→ TASK INPUT:
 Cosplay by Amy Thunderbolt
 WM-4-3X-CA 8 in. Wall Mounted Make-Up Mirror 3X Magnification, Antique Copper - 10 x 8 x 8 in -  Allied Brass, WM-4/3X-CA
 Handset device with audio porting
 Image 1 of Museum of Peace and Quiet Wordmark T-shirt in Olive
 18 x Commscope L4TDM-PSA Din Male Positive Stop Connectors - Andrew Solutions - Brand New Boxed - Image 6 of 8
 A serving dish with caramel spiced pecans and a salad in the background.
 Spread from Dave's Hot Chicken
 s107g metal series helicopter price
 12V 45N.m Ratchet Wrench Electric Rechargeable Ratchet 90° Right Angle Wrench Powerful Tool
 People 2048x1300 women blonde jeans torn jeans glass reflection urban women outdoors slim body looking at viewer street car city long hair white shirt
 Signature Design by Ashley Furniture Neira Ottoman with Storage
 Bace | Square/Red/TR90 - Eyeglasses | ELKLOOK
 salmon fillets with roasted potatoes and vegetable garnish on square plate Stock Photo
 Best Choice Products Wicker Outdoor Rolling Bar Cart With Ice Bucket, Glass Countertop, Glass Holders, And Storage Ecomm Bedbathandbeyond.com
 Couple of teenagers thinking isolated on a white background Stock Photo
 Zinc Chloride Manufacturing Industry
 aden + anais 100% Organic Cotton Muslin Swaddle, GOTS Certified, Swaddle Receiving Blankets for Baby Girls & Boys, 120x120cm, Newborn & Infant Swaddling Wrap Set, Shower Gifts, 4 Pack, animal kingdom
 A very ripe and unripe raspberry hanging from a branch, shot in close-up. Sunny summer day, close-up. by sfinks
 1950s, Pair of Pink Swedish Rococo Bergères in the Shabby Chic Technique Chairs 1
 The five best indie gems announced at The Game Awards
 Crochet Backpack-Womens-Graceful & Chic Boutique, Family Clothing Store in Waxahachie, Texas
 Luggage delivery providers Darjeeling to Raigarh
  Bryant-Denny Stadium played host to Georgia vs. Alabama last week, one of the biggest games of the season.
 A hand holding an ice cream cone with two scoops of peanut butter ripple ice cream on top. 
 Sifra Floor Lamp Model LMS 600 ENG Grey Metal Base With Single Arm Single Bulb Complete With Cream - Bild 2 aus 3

→ YOUR ASSIGNMENT: Take the material above and print all of it exactly.

→ EXPECTED ANSWER:
 Cosplay by Amy Thunderbolt
 WM-4-3X-CA 8 in. Wall Mounted Make-Up Mirror 3X Magnification, Antique Copper - 10 x 8 x 8 in -  Allied Brass, WM-4/3X-CA
 Handset device with audio porting
 Image 1 of Museum of Peace and Quiet Wordmark T-shirt in Olive
 18 x Commscope L4TDM-PSA Din Male Positive Stop Connectors - Andrew Solutions - Brand New Boxed - Image 6 of 8
 A serving dish with caramel spiced pecans and a salad in the background.
 Spread from Dave's Hot Chicken
 s107g metal series helicopter price
 12V 45N.m Ratchet Wrench Electric Rechargeable Ratchet 90° Right Angle Wrench Powerful Tool
 People 2048x1300 women blonde jeans torn jeans glass reflection urban women outdoors slim body looking at viewer street car city long hair white shirt
 Signature Design by Ashley Furniture Neira Ottoman with Storage
 Bace | Square/Red/TR90 - Eyeglasses | ELKLOOK
 salmon fillets with roasted potatoes and vegetable garnish on square plate Stock Photo
 Best Choice Products Wicker Outdoor Rolling Bar Cart With Ice Bucket, Glass Countertop, Glass Holders, And Storage Ecomm Bedbathandbeyond.com
 Couple of teenagers thinking isolated on a white background Stock Photo
 Zinc Chloride Manufacturing Industry
 aden + anais 100% Organic Cotton Muslin Swaddle, GOTS Certified, Swaddle Receiving Blankets for Baby Girls & Boys, 120x120cm, Newborn & Infant Swaddling Wrap Set, Shower Gifts, 4 Pack, animal kingdom
 A very ripe and unripe raspberry hanging from a branch, shot in close-up. Sunny summer day, close-up. by sfinks
 1950s, Pair of Pink Swedish Rococo Bergères in the Shabby Chic Technique Chairs 1
 The five best indie gems announced at The Game Awards
 Crochet Backpack-Womens-Graceful & Chic Boutique, Family Clothing Store in Waxahachie, Texas
 Luggage delivery providers Darjeeling to Raigarh
  Bryant-Denny Stadium played host to Georgia vs. Alabama last week, one of the biggest games of the season.
 A hand holding an ice cream cone with two scoops of peanut butter ripple ice cream on top. 
 Sifra Floor Lamp Model LMS 600 ENG Grey Metal Base With Single Arm Single Bulb Complete With Cream - Bild 2 aus 3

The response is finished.